S’appeler Roy et signer un roman justement sur des rois… faut le faire ! D’une plume alerte, faisant la part belle à des dialogues à l’ironie mordante, Thomas Roy signe avec « Furia » un roman justement… furieux qui dézingue, au temps de Charles VIII et Anne de Beaujeu, tous ces petits monarques égoïstes, aux airs férocement familiers.

L’écriture, mélange de réalisme et d’onirisme impertinent, met en scène des personnages ayant existé sous l’angle de la fable poétique et théâtrale, grinçante et joyeusement anachronique. Dans une certaine mesure, « Furia », c’est « Les Tontons flingueurs » ou « Les Barbouzes » au temps du Moyen Âge. Il n’y en a pas un pour rattraper l’autre dans cet aréopage de petits marquis.

Dans ce récital de coups fourrés, de chausse-trappes et de règlements de comptes, c’est du point de vue des puissants que les « gueux », que l’on déteste, sont jugés. Comme l’aurait chanté Jean Ferrat : « C’est pourtant toujours le peuple qu’on craint. » « Me voici donc, me voilà », exprime en préambule un certain Karolus qui, enfant, « courant dans la rive un bâton à la main, traçant dans la vase un immense sillon tout le long de ma course », dit-il, et « creusant de mes mains des trous à même le sol » et des rigoles d’eau pour faire une piscine. Ces ricochets sur la mare, ce ne sont pas les bucoliques « ronds dans l’eau » chantés par Michel Legrand, mais ceux d’un désastre annoncé.

Nous sommes en 1483 et Louis XI, mort le 30 août, laisse le trône à son fils Charles VIII, adolescent pas mal distrait qui sera surnommé « l’Affable » et qui accède au trône à l’âge de treize ans sous le regard peu affable de sa sœur Anne de France, dite Anne de Beaujeu, princesse royale et duchesse de Bourbon, qui continue de gouverner avec son époux Pierre II de Bourbon, sire de Beaujeu. Ça ne se passe pas très bien entre tout ce vilain monde, Anne gardant néanmoins le cap malgré toutes les tentatives de renversement ourdies dans l’ombre par ses ennemis et notamment par le fielleux Louis d’Orléans qui manigance.

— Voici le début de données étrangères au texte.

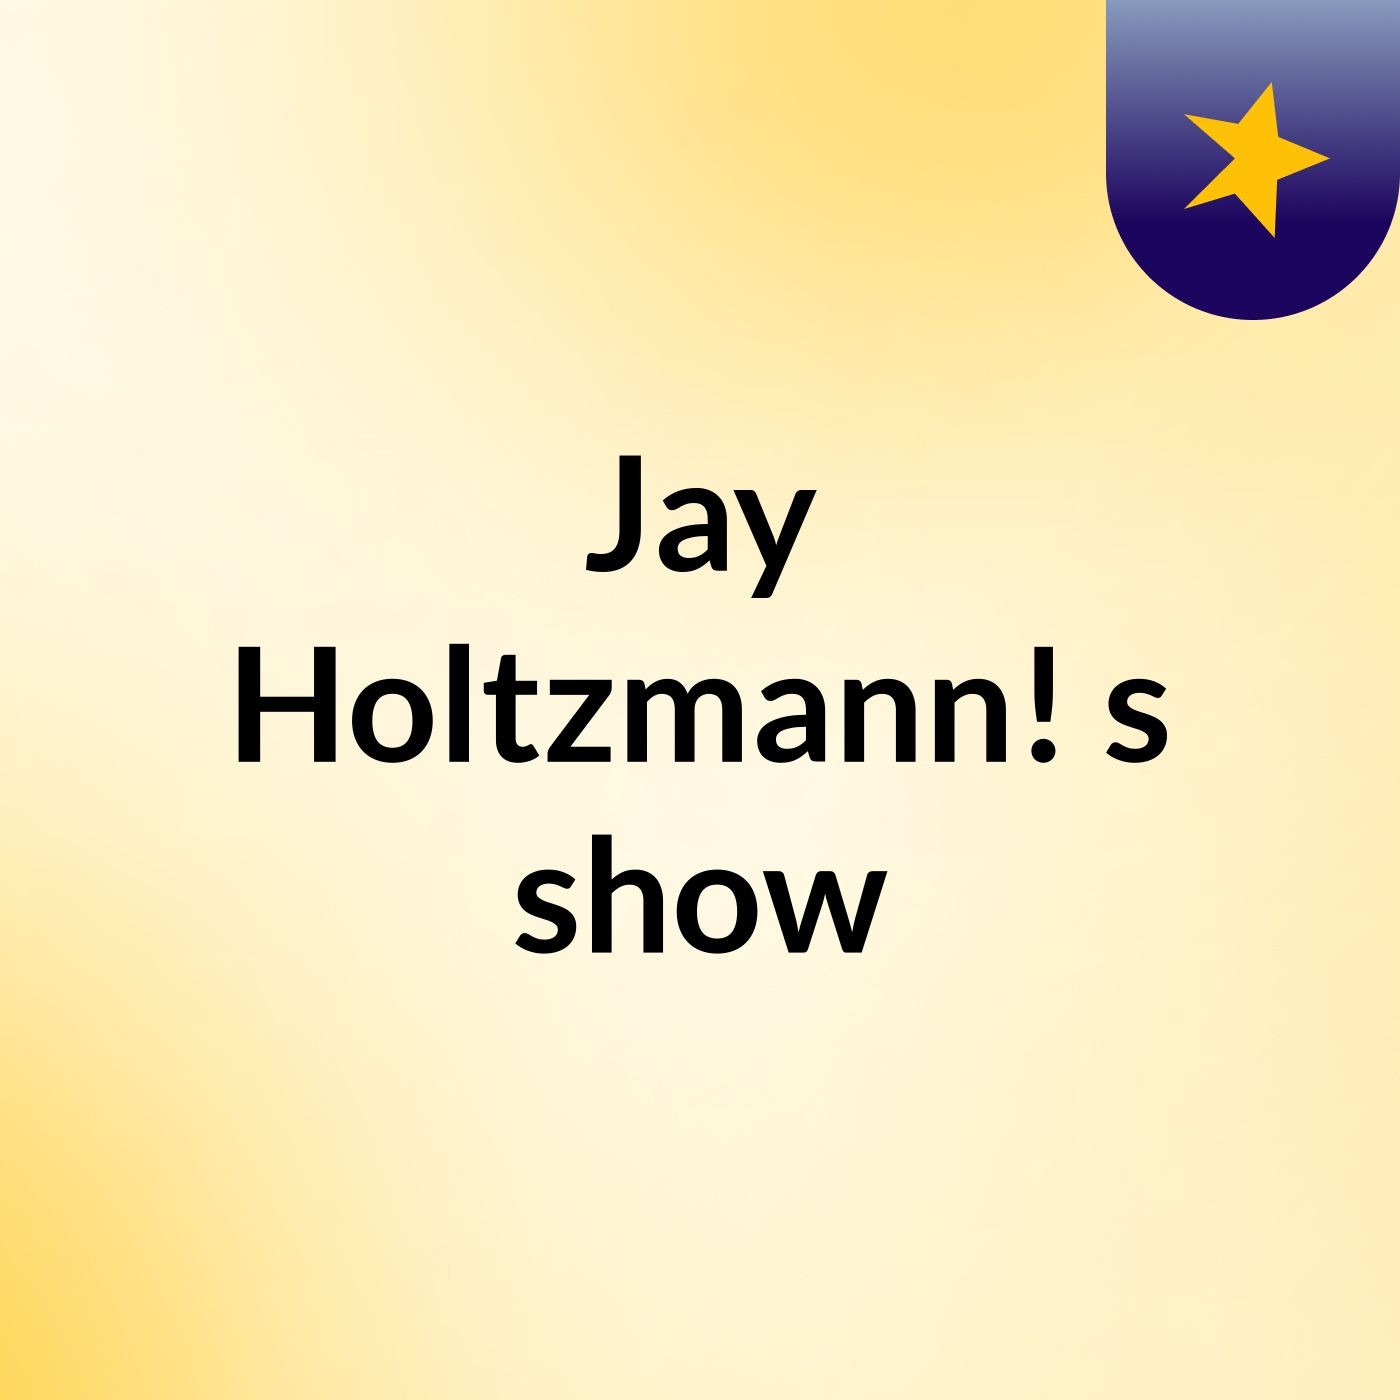 Jay Holtzmann!'s show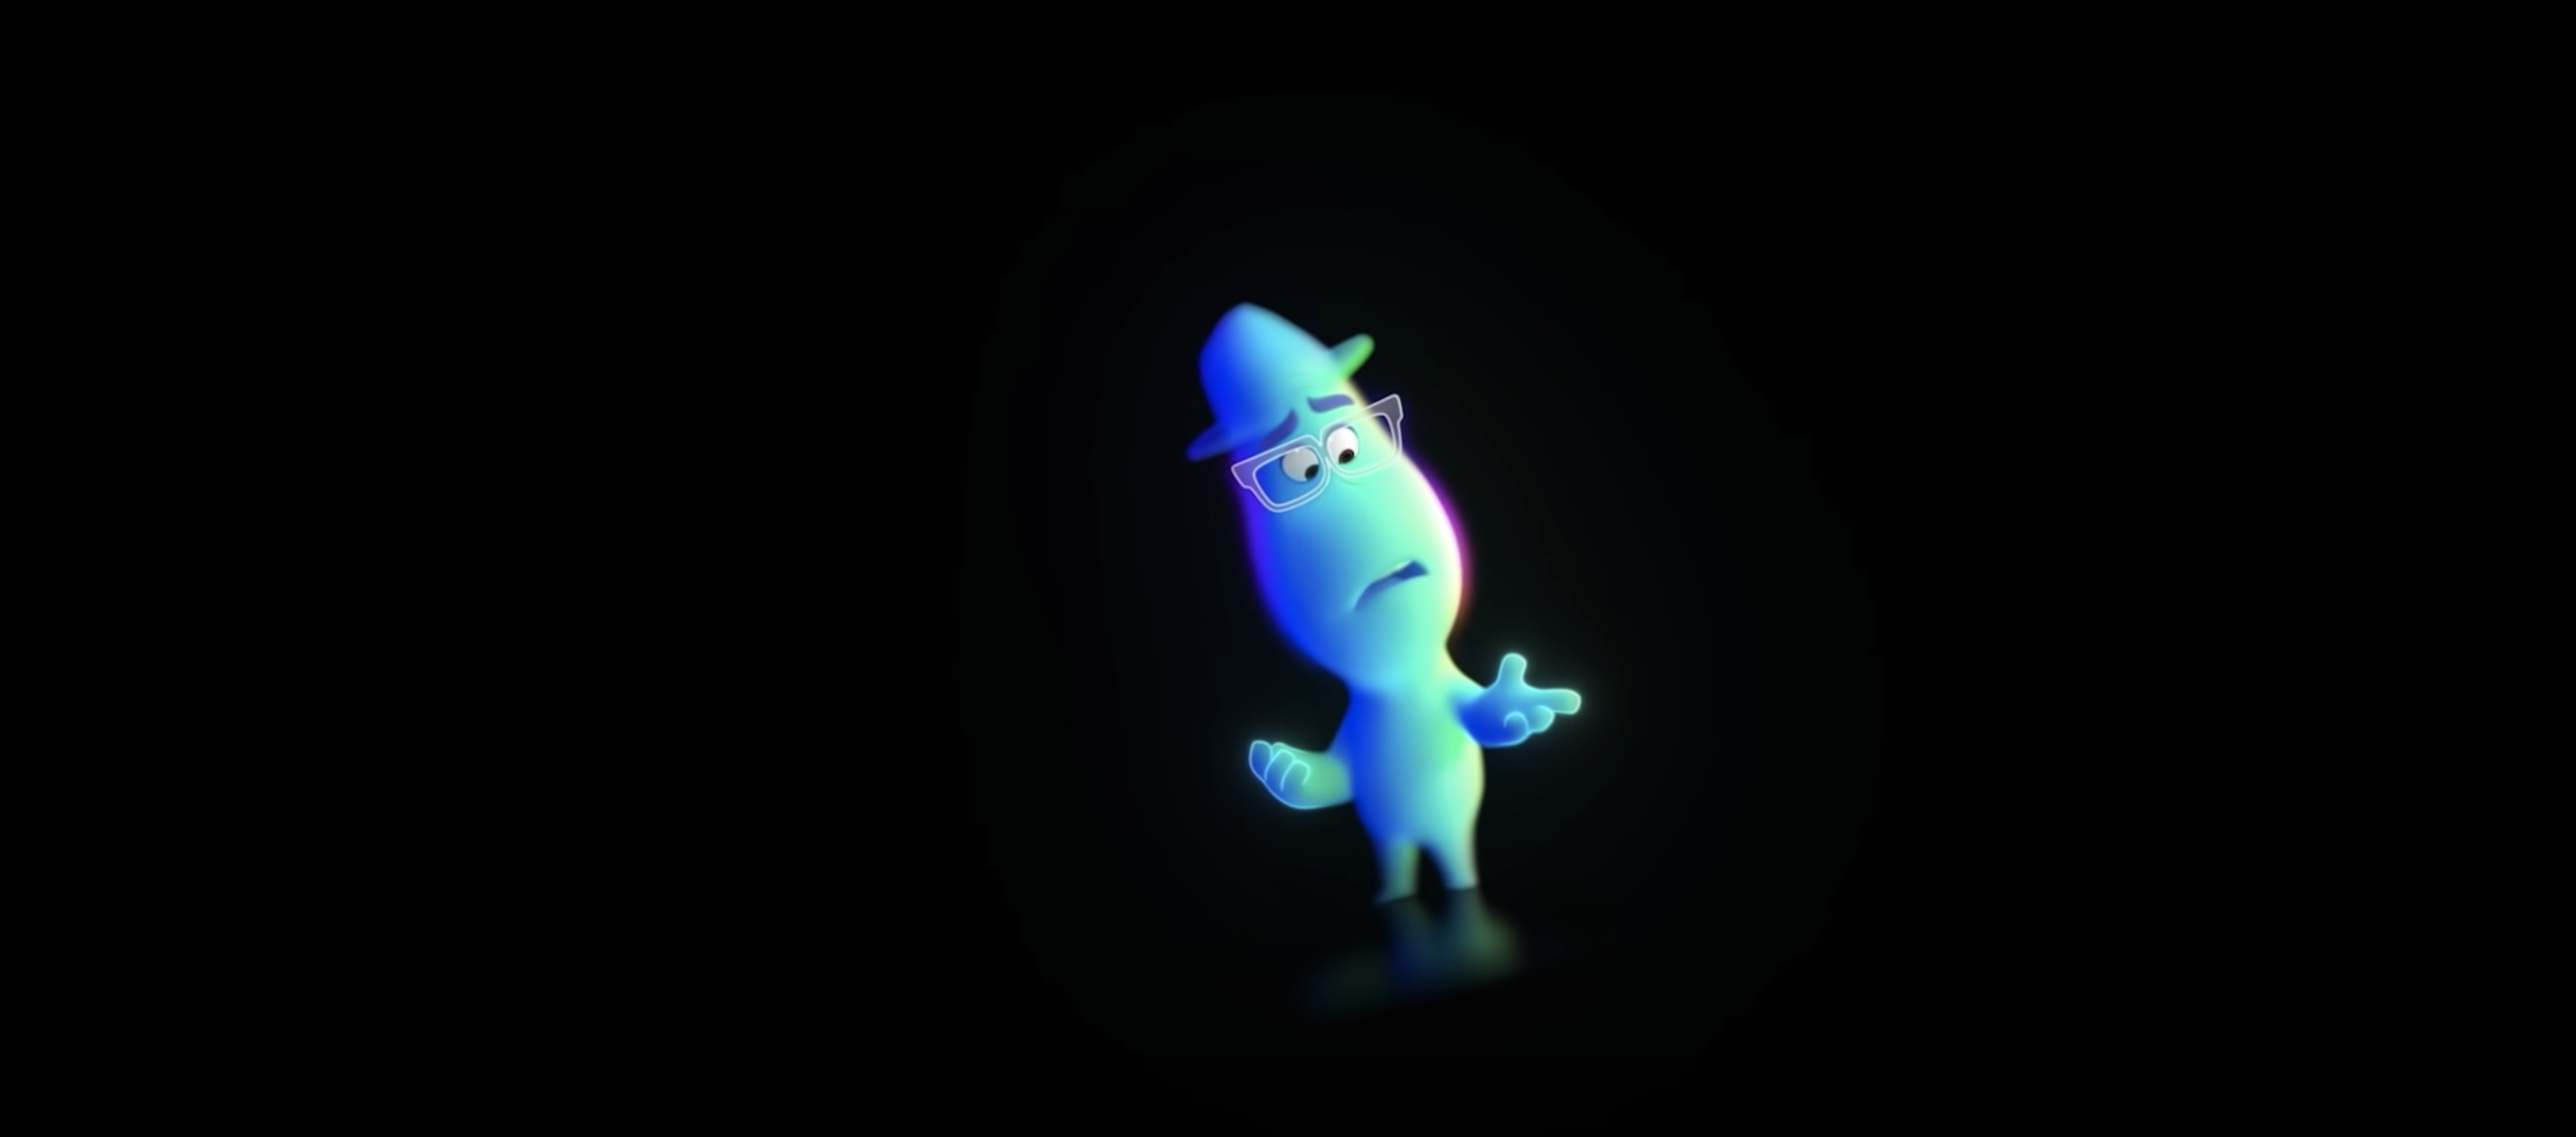 Trailer for Pixar's Soul

L’argent, le nerf de la guerre et la solitude du monarque

En des pages dignes du « Père Ubu », où Thomas Roy se moque ouvertement des grotesques agissements des félons, « Furia » raconte en grande partie les rêves de conquête de Naples d’un Charles VIII avide de gloire, atteint de fièvre mystique et prophétisant sans cesse. Et surtout il montre, par Anne interposée, régente ô combien triviale, comment, hier comme aujourd’hui, l’argent est le nerf de la guerre.

S’adressant au lecteur, lui rappelant par exemple : « C’est la reine qui parle. La régente à côté vient s’asseoir et se tait », ou « ce serait le même soir de liesse et de festivités mais ce serait ailleurs dans un autre recoin du château », ou encore « vous les voyez alors faisant face à la porte, observés par la louve, hésitant à franchir le rideau de perles. Vous écoutez les autres dire qu’on s’en fout, que tout le monde en a des plaques sur la peau, et puis rentrer quand même », « vous la regardez la dame de Beaujeu à qui l’on vient porter un coussin de velours d’un bleu plus éclatant qui prend de ses mains nues, posé sur le coussin, le globe qui le brandit » ou « quand vous retrouvez Charles, il est dans les entrailles de Castel Nuovo », Thomas Roy multiplie les sortes de didascalies, certaines hilarantes et d’autres dramatiques.

Il offre au passage des pages assez émouvantes sur la solitude de Charles VIII en tant que monarque. Nous sommes très éloignés de l’opus historique classique traditionnel, mais tout est ici parfaitement rigoureux. « France, XVe siècle. De tout temps, les petits rois ripaillent sur la carcasse du pays -jusqu’à la révolte ? », nous précise le bandeau du livre. Et Thomas Roy d’y répondre dans un roman éblouissant de virtuosité, à la typographie aussi inventive que l’écriture de son récit.

Jean-Rémi BARLAND

« Furia », par Thomas Roy – Éditions Les Léonides – 251 pages, 20 €. Thomas Roy est en dédicace ce 12 septembre de 17h30 à 19 h à la librairie Maupetit, 142 La Canebière, 13001 Marseille.